Which brings me to the next "fun" part of this minigame--trying the level over again. When you fail to beat a stage in Spheda, which is going to be the majority of the time, you don't just get to try it again. That would only be a little annoying. No, to try again, you'll have to re-enter that level of the dungeon and beat all the enemies in it all over again. Because, y'know, there aren't enough repetitive fights against generic enemies in an RPG already, right? So in addition to setting you back 5 or 10 minutes for the Spheda game, any subsequent attempt after an initial failure is going to run you a good 10 - 20 minutes extra. This minigame, more than most others, was obviously designed with the belief that the player is immortal and thus places no particular worth on his or her time.**
The one thing I can't fault Spheda on too much, I suppose, is the fact that there's not much actual need to play it. The rewards for it are nice enough, but not especially important--each successful round of Dungeon Golf rewards you with some good, but not necessary, items, and a medal. Medals can be exchanged for new outfits that change the main characters' appearance, or for an item that lets you rename weapons. So overall, you're not going to be penalized by missing out on something significant if you don't indulge in your self-loathing and play Spheda. And the only time the game forces you to play it barely counts, because if you can't manage to win that mandatory round, the game just has one of the characters do it for you. So in the end, Spheda is at least not compulsory.
But stupid? Frustrating? Pointless? Unwanted? A terrible idea that demands a kick in the face be delivered to anyone and everyone involved in its creation? Oh hell yes.

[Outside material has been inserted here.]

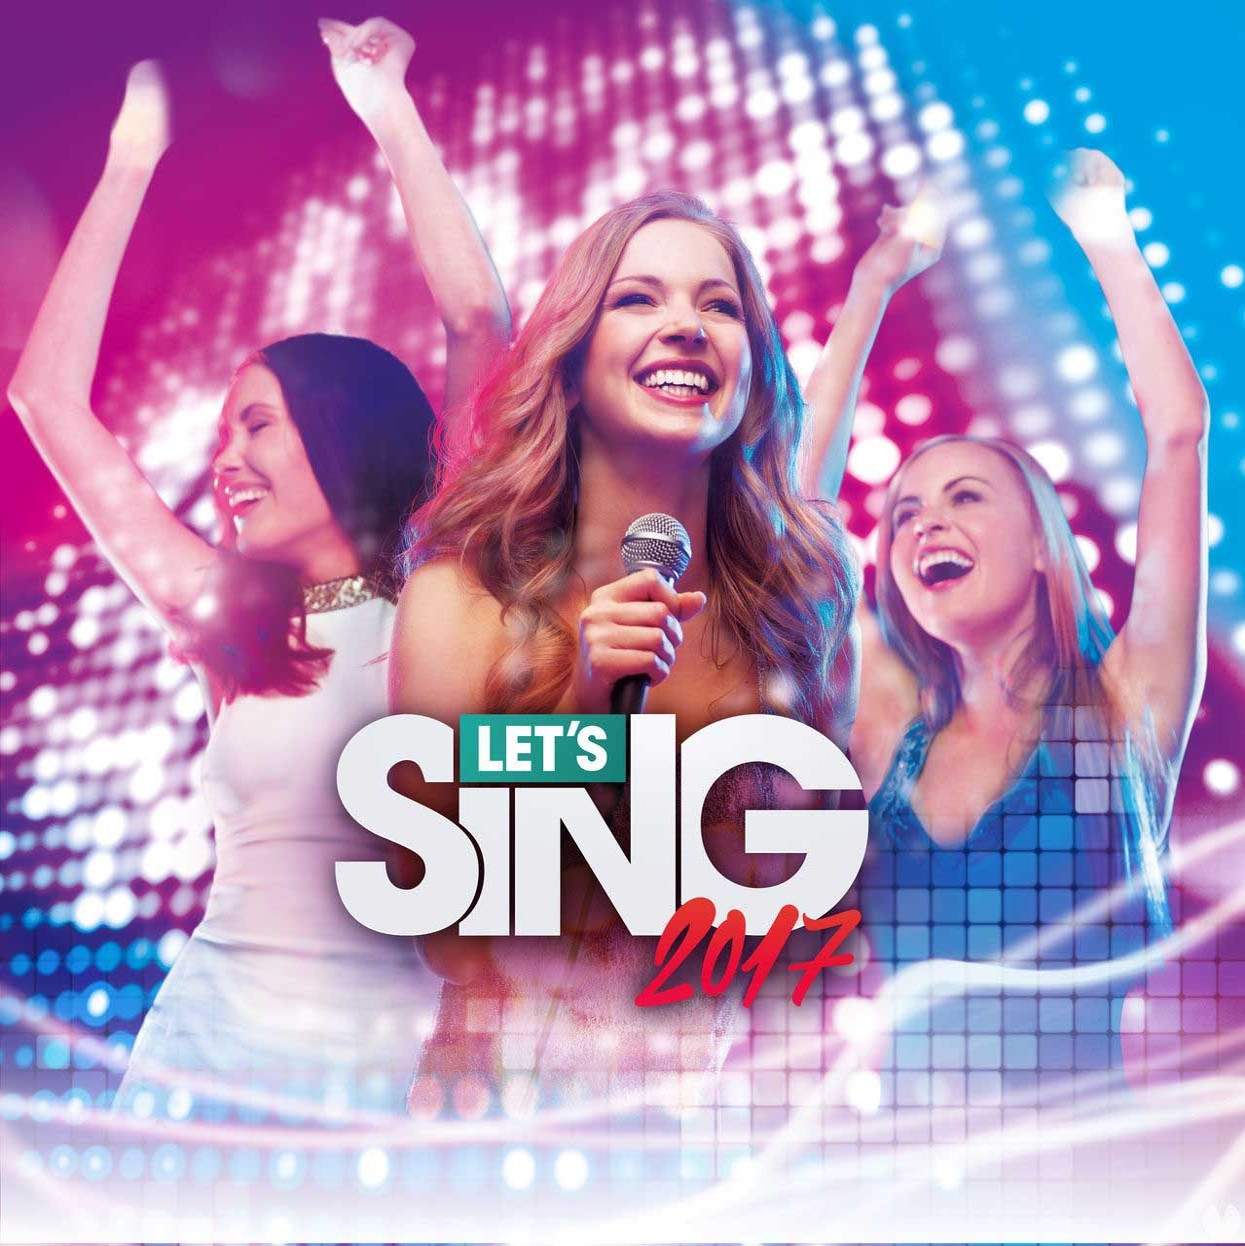 Let's Sing 2017 is er met een derde uitbreiding!

* Hell, I'm not sure we should have to put up with it even in our Golf games. Seems to me that you could sneak an entirely different game into a Golf title without upsetting too many people. Is someone really going to complain that you tricked them into actually playing something fun?
** Of course, I did play Phantasy Star 3 from beginning to end, so I guess I shouldn't put on too many airs about valuing my own time too heavily.